— Особенно если узнают, что он вез мое письмо к царю.
— Твое письмо? Иоанну? — На мгновение зрачки Радзивилла сузились и рот стал замкнут, жесток. — Ты писал ему?
— Да, писал. — Курбский тряхнул головой и встал. — Я покажу тебе список с этого письма. Впервые в жизни кто-то посмел сказать ему правду!
Он повернулся к входу в шатер, и закат осветил его лицо — сильное, огрубевшее. Только в уголках глаз морщилась бессонная горечь. Радзивилл разглядел ее.
— Иди, отдохни хоть немного, — сказал он. — Я зайду попозже, когда буду объезжать посты. Иди, Андрей, иди!
Курбский вышел из шатра и крикнул: «Коня!» Польско-литовские слуги, сидевшие на колоде, даже не встали, только головы повернули. «Коня!» — крикнул он громче и злее. Наконец от коновязей отделился верховой — Мишка Шибанов, который вел в поводу мышастого жеребца князя. «Все спишь на ходу!» — хотел сказать Курбский по привычке, но посмотрел на беззаботное веснушчатое лицо отрока, и шутка застряла у него в горле.

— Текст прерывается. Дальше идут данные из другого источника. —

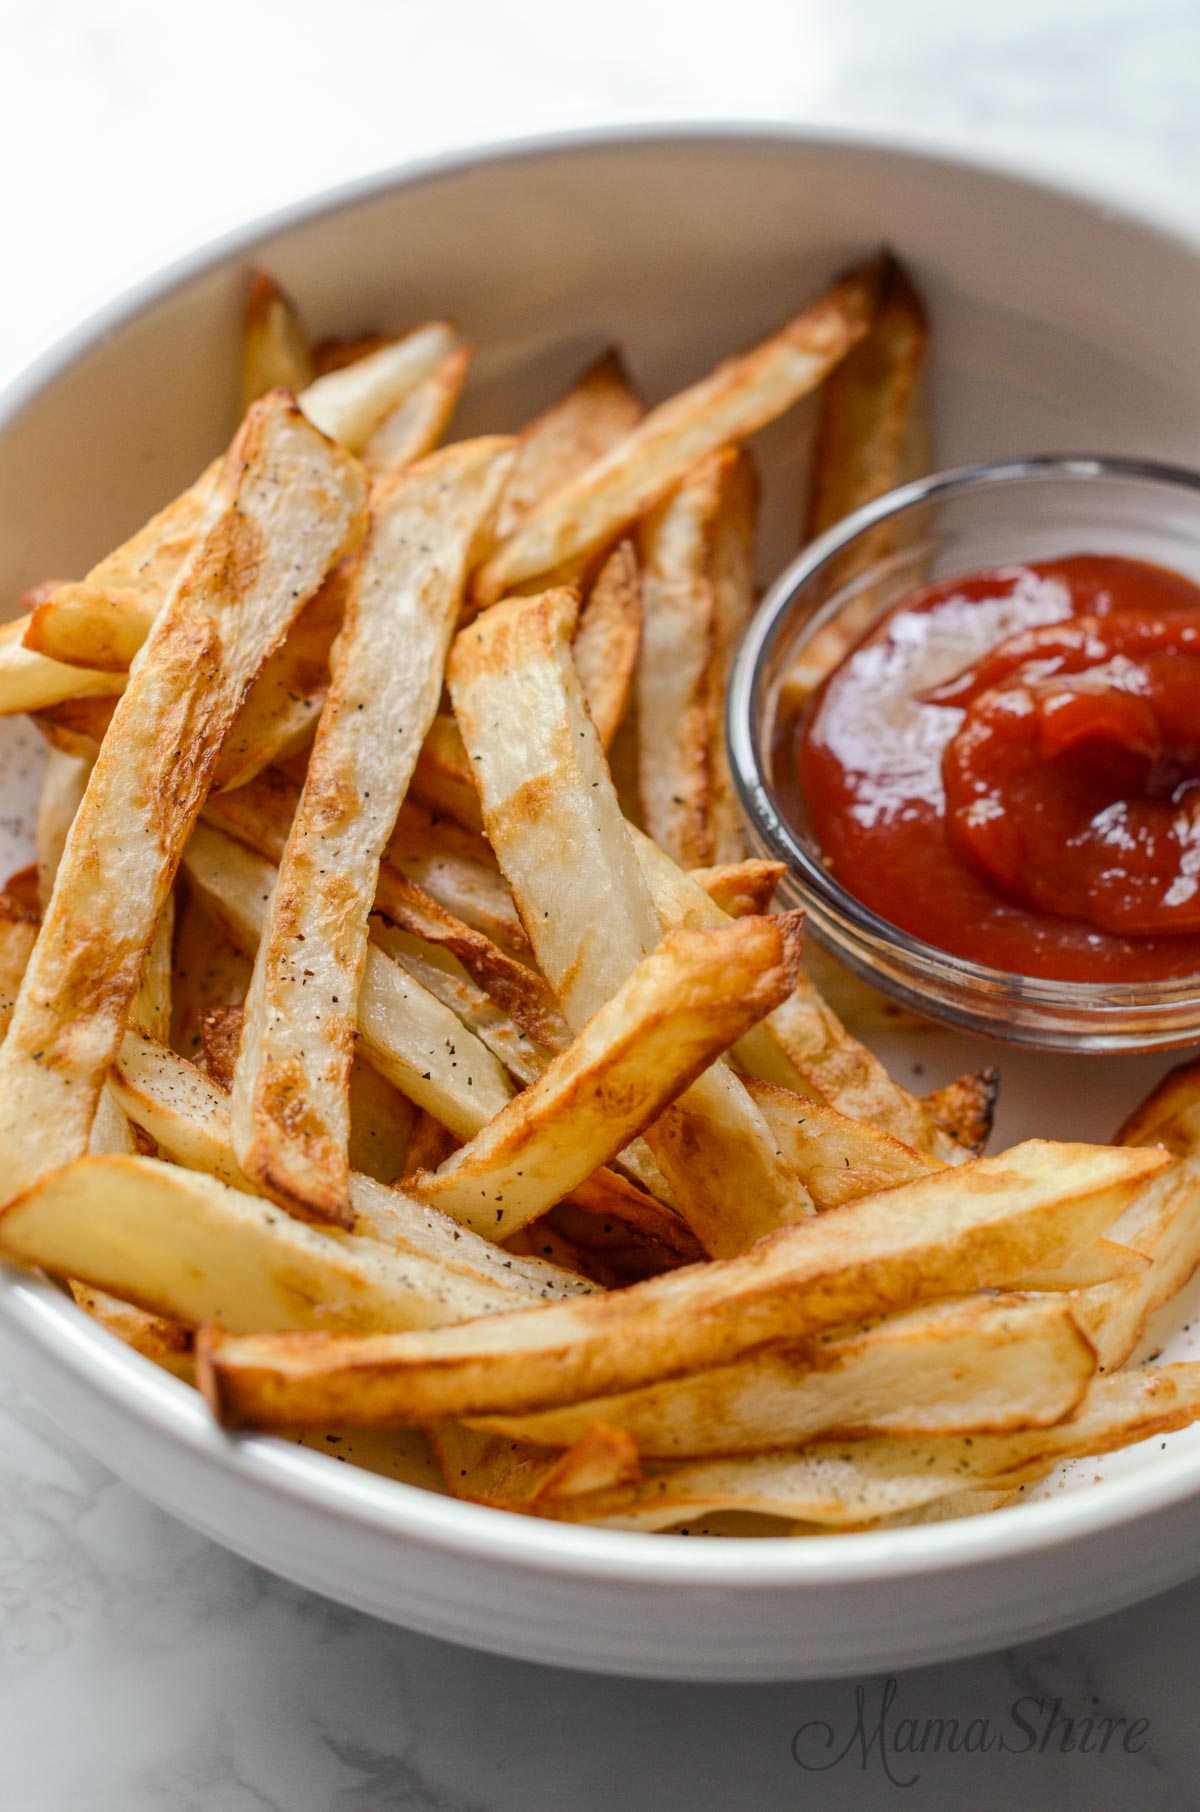 Homemade french fries made in an air fryer served with ketchup.

Конец сентября, но безоблачно, сухо, мягкий свет прогревает березовые опушки, шуршит под ногами тленная листва, а в ней кое-где — крепкие головки боровиков; краснеет калина, попискивают рябчики за холодным ручьем. Андрей закидывает голову в осеннюю синеву за багряными осинами, солнечный лучик слепит, отскакивая от мокрой гальки на переправе; скрежещет по камню конская подкова. «Сегодня день преставления преподобного Сергия, игумена Радонежского и всея Руси чудотворца, а я еду неведомо куда по ничейной земле в литовских доспехах…» Андрей оглядывается, сдерживает вздох: как он любил эту пору оленьего гона, увядания трав, первые ранние зазимки, подтоковывание тетерева в розовом тумане на краю болота… А сейчас вроде это и было и не было, точно заложило уши, ноздри, а на глазах пленка мутная. Сколько еще дней, месяцев, лет ездить ему вот так в поисках своих, русских, чтобы или убить, или от них пасть? Странная пустота, невнятица мыслей, хоть он здоров, силен, ночью хорошо спит, разве что побаливает нога от старой раны под Невелем.

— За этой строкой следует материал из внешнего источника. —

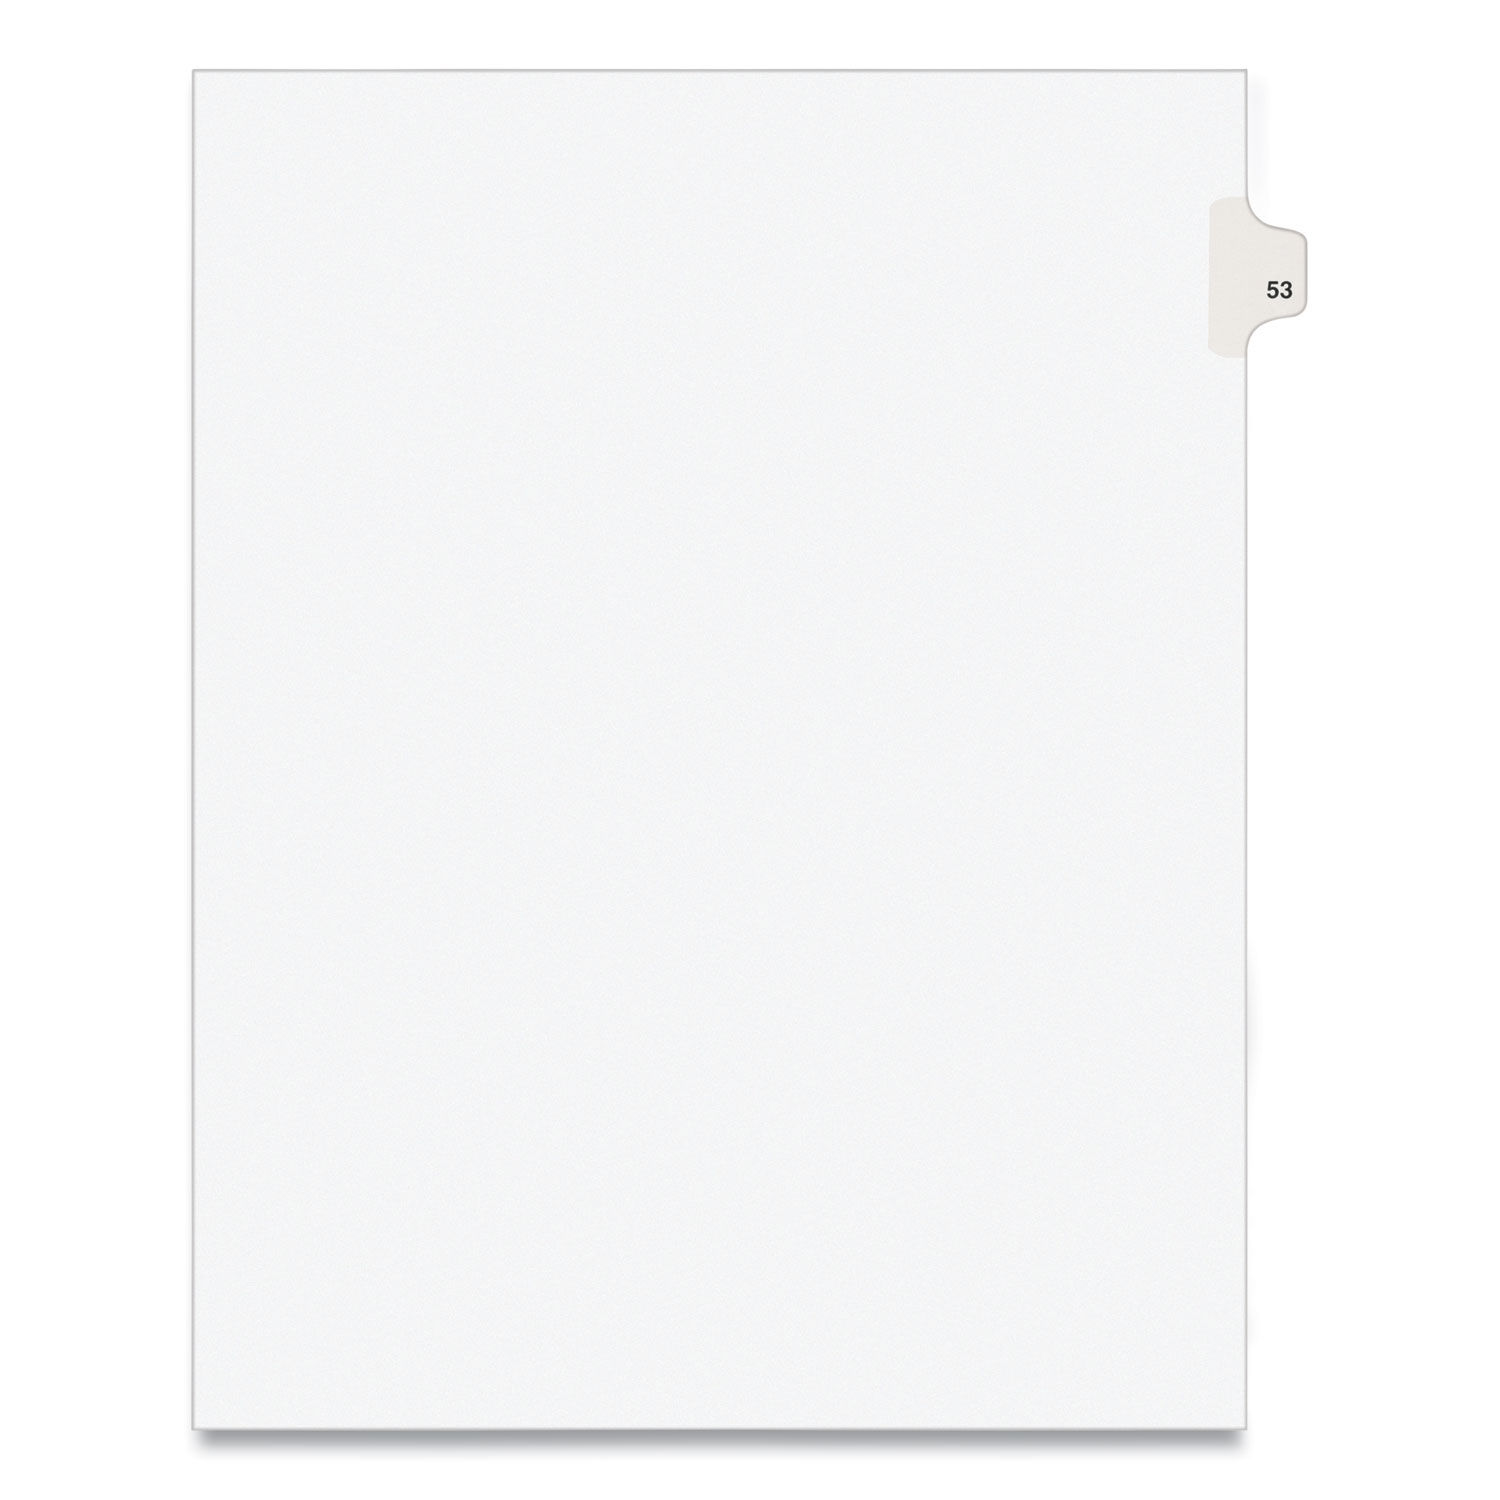 Preprinted Legal Exhibit Side Tab Index Dividers Avery Style, 10-Tab, 53, 11 x 8.5, White, 25/Pack, (1053)

Они задержали войско Пронского и Серебряного, наезжая внезапно и исчезая, смутили, не пропустили в Ливонию. Вчера решили идти как бы в сторону Великих Лук, чтобы совсем запутать Пронского, и за день оторвались от него на двадцать верст. За эти последние недели Курбский увидел воочию, что нет никого беспощадней своих: его сторожевой разъезд попал в засаду, и всех изрубили зверски, а голые безглазые тела повесили вдоль дороги на березах. То же делали с пленными люда Тимофея Тетерина, который вызвался вместе со своими стрельцами идти с Курбским.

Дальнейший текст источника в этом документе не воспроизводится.